Ce syndrome touche des enfants de 5 à 12 ans alors que les patients ayant une maladie de Kawasaki habituelle ont en général moins de 5 ans. Elle nécessite, environ 2 fois sur 3, une prise en charge en soins intensifs avec, le plus souvent, prescription de médicaments inotropes. Dans la moitié des cas, une myocardite est présente cliniquement et parfois une péricardite. On observe comme dans la maladie de Kawasaki classique une fièvre au-delà de 39 °C (40 °C dans les formes sévères), des signes cutanéo-muqueux (rash, œdèmes des mains et pieds, atteinte des lèvres, conjonctivites), mais aussi fréquemment des signes de choc toxique et de défaillance multiviscérale (2). A la différence de la maladie de Kawasaki classique, la symptomatologie digestive est souvent bruyante avec diarrhée, douleurs abdominales. Les jeunes malades présentent plus souvent aussi un syndrome d’activation macrophagique et un état inflammatoire marqué.

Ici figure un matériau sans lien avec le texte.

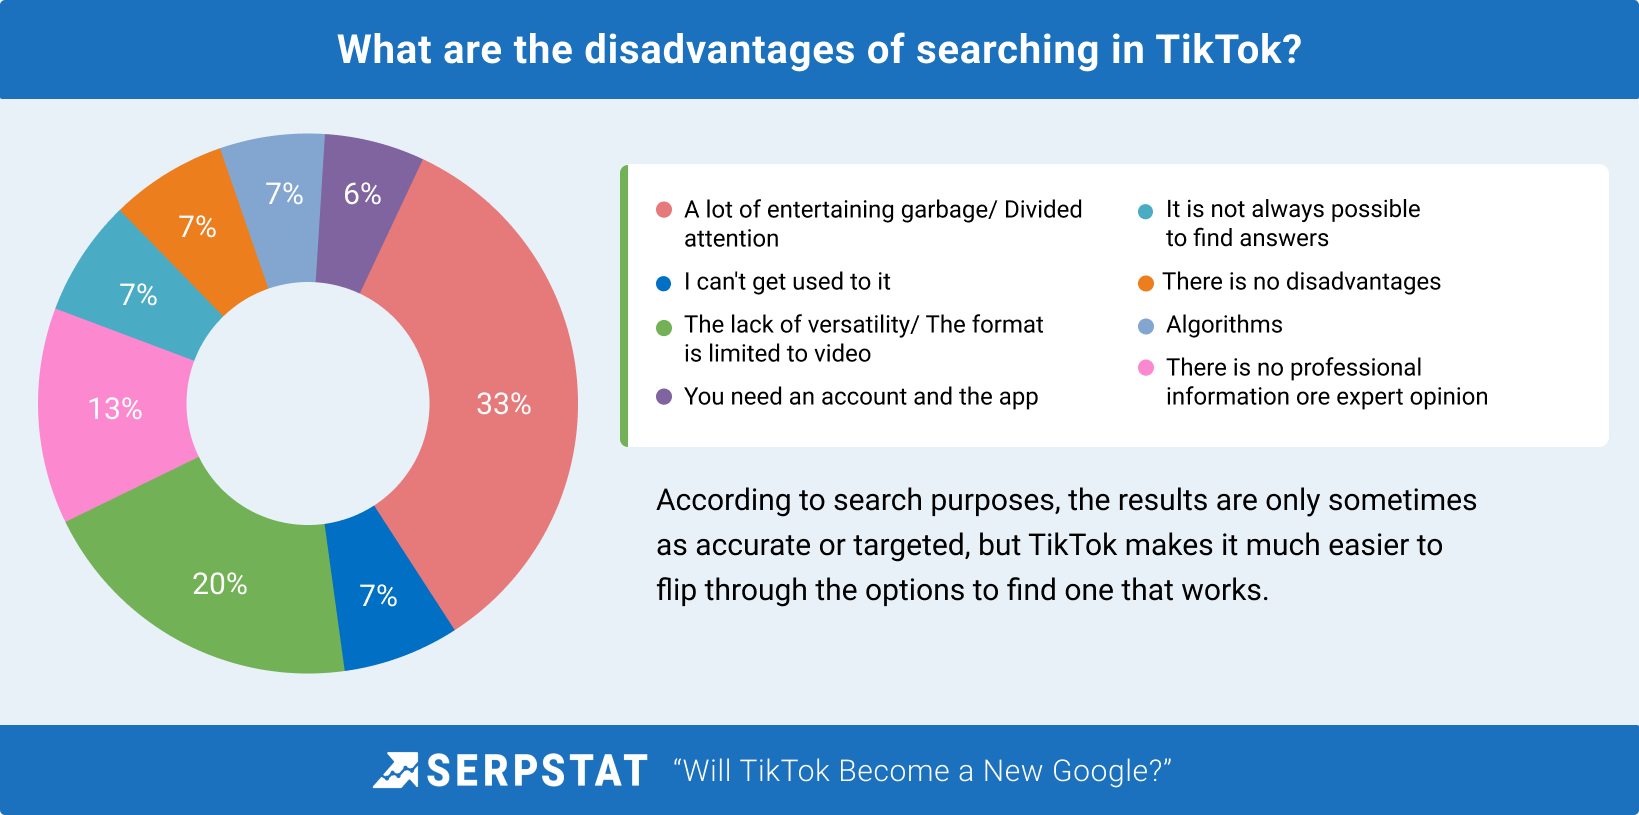 Disadvantages of TikTok for search

« On ne sait encore s’il s’agit d’un phénotype particulier de la maladie de Kawasaki ou d’une maladie à part. Mais, le fait que le pic d’apparition des symptômes ait été relevé 4 à 5 semaines après le pic d’infection par la Covid-19 fait penser qu’il s’agit d’un syndrome post-viral », complète le Pr Meinzer. Notons à ce propos que des facteurs viraux sont également incriminés dans la maladie de Kawasaki traditionnelle, et l’étude rétrospective, menée à l’hôpital Robert Debré, a identifié un pic d’hospitalisations (+ 365%) pour celle-ci en décembre 2009 lors de la pandémie de grippe H1N1 (1).

 

Prédisposition génétique

S’agissant du MIS-C, l’existence de prédispositions génétiques, différentes de la maladie de Kawasaki classique, sont suspectées. « Ce syndrome inflammatoire n’a pas été retrouvé en Corée, alors que la maladie de Kawasaki est répandue en Asie. En revanche, les enfants d’origine africaine ou caribéenne semblent plus souvent atteints par le MIS-C ».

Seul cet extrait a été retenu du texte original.